Там, где только что стоял Глеб, в воздухе еще висела пыль. Сухая трава щетинилась над обвалившимся краем. Сорвался и с сухим шорохом покатился вниз камешек.

Мне снова показалось, что я сплю и никак не могу проснуться. Не могу поверить, что произошло непоправимое. Это просто кошмар, такого не может быть! Нет, господи, нет!!! Пожалуйста! Второй раз я такого просто не вынесу! Внутри у меня все сжалось и превратилось в ледяную глыбу, только сердце колотилось так, словно собиралось выскочить через горло.

- Глеб! – прошептала я, медленно подходя к краю. И изо всех сил крикнула: - Глеб!!!

- Да нормально все, не ори.

Я мешком шлепнулась на колени и сама чуть не свалилась вниз. Глеб стоял на крохотном уступе, метрах в трех ниже, держась за торчащий из склона корень. Его лицо и руки были в крови, майка порвана.

- Я тут просто съехал. И, кажется, башкой обо что-то приложился, аж в глазах потемнело. Зацепился за корень, ободрал все. Ноги, кажется, тоже, об камни. Подожди, сейчас попробую вылезти.

Цепляясь за траву и корни, перебираясь с камня на камень, он поднялся немного выше.

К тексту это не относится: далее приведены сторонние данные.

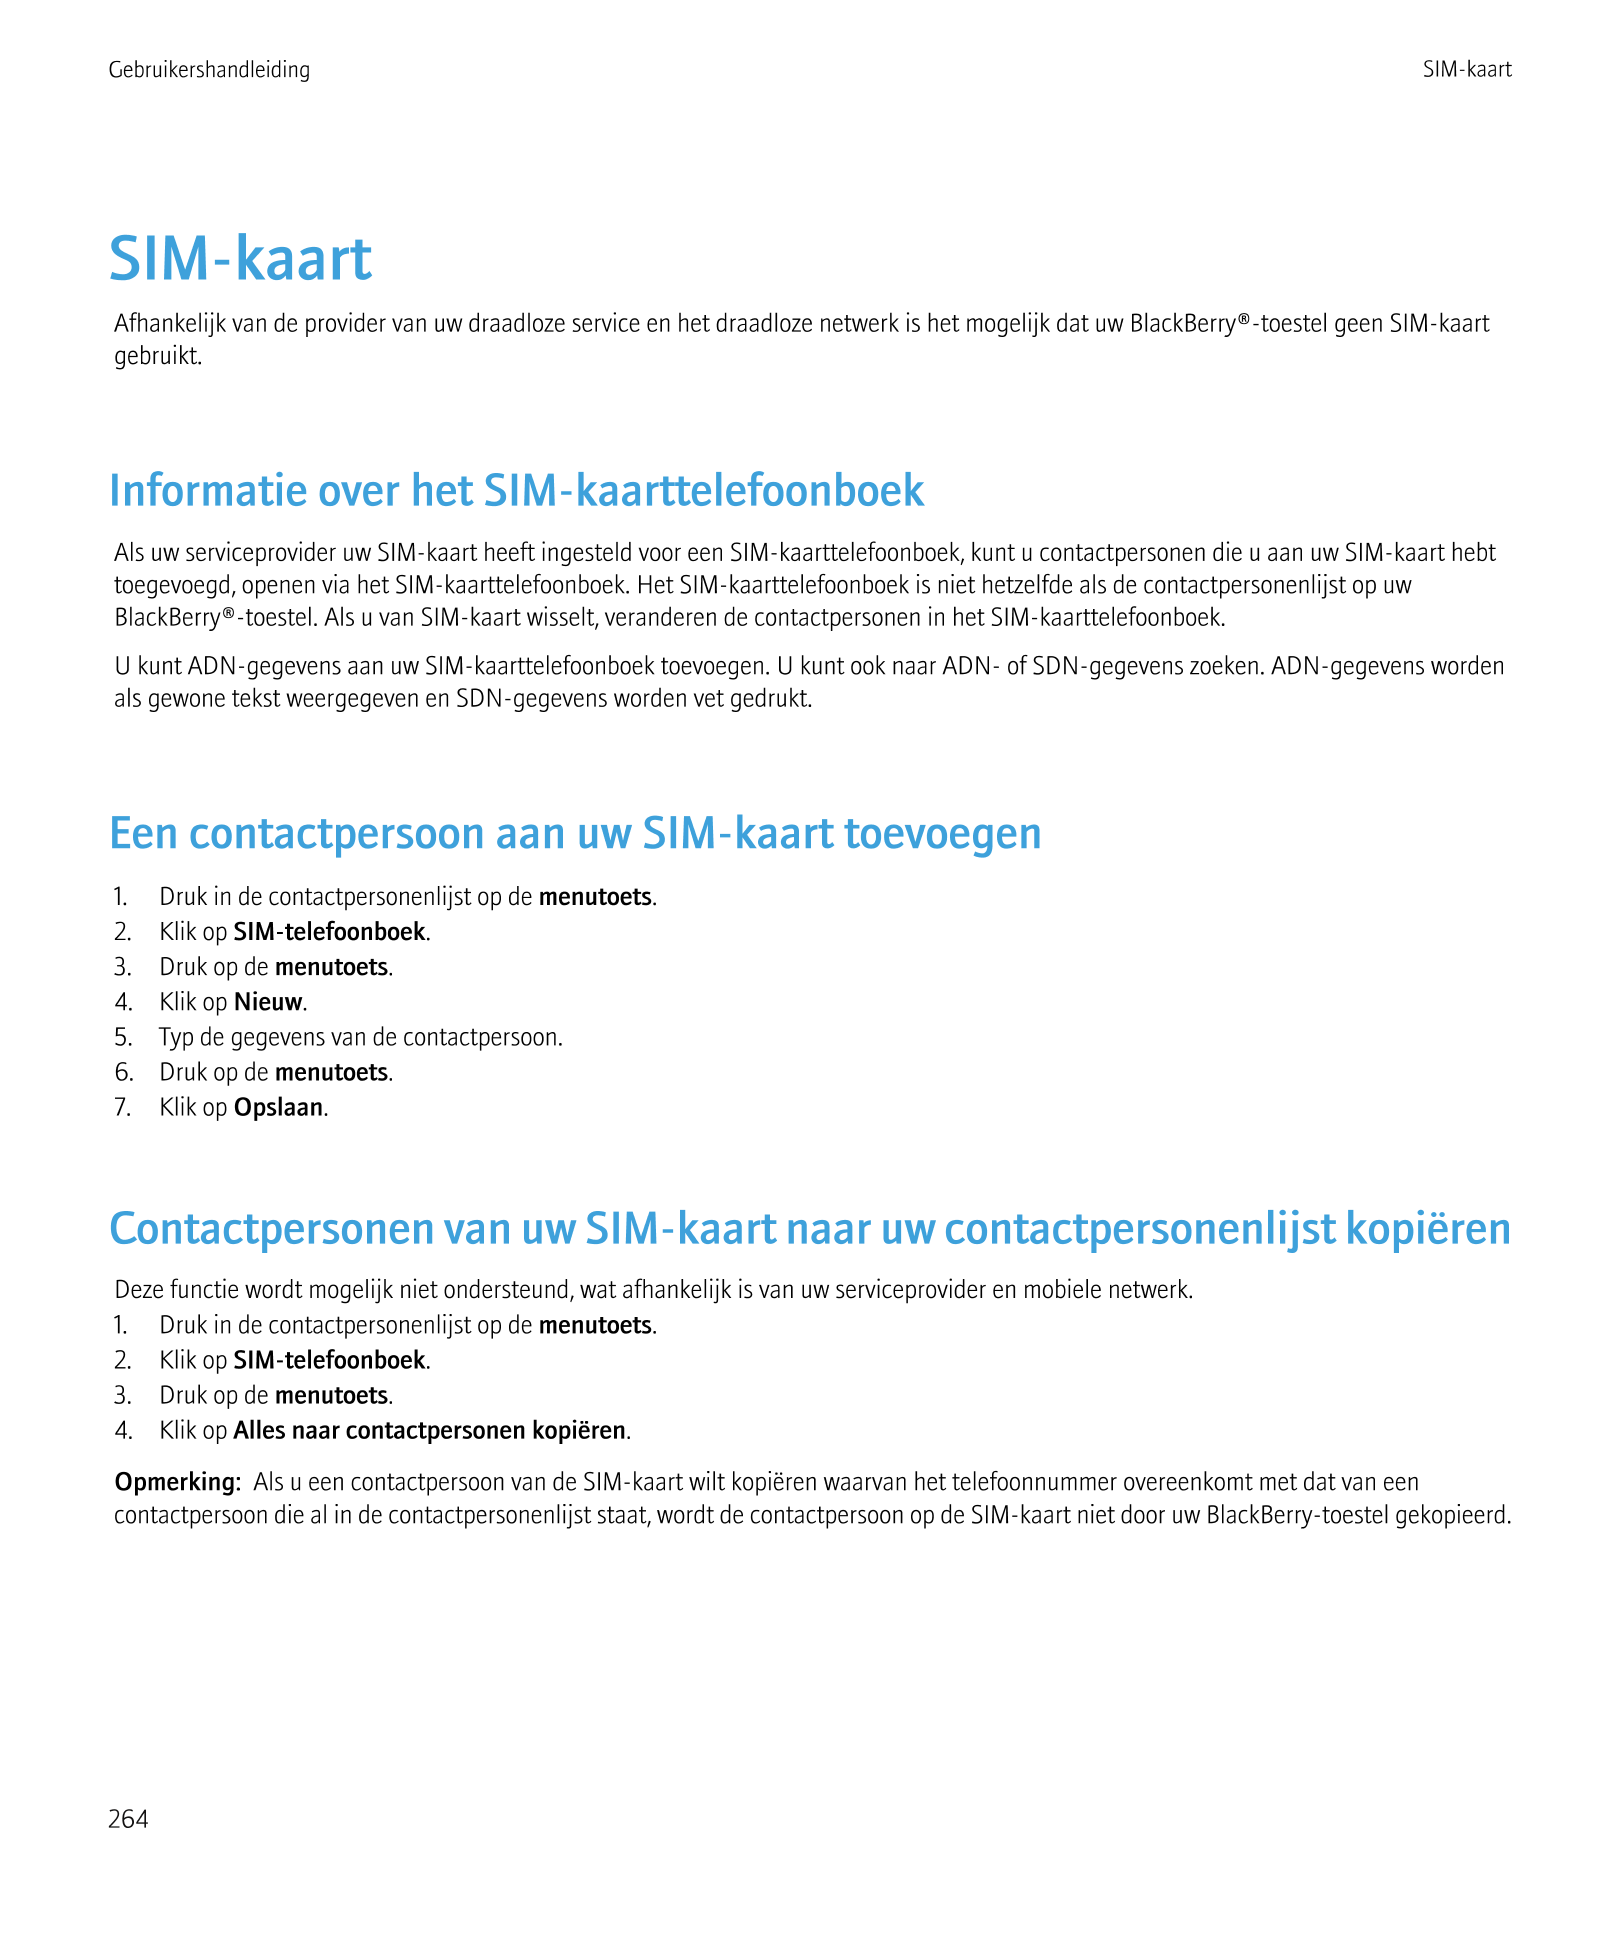 Gebruikershandleiding SIM-kaart
SIM-kaart
Afhankelijk van de provider van uw draadloze service en het draadloze netwerk is het m

Двое китайцев, взволнованно что-то приговаривая, подхватили его за руки и помогли выбраться на тропу. Остальные – три женщины – радостно загалдели и зааплодировали.

Я обняла его, уткнулась лицом в грудь, заливаясь слезами.

- Ну, тише, Кит, тише, - Глеб поцеловал меня в макушку. – Все в порядке. Осторожно, перемажешься сейчас вся в кровище. Дай я сяду, голова кружится.

Он тяжело опустился прямо на тропу. Я замерла в испуге – лицо его было еще бледнее, чем когда он разговаривал с Майей, совершенно белое. Крупные капли пота стекали по лбу, смешиваясь с кровью, сочащейся из ссадин на щеке. Кто-то из китайцев протянул бутылку воды, Глеб сделал несколько глотков. Я оторвала от его майки кусок, намочила, протерла ему лицо, руки.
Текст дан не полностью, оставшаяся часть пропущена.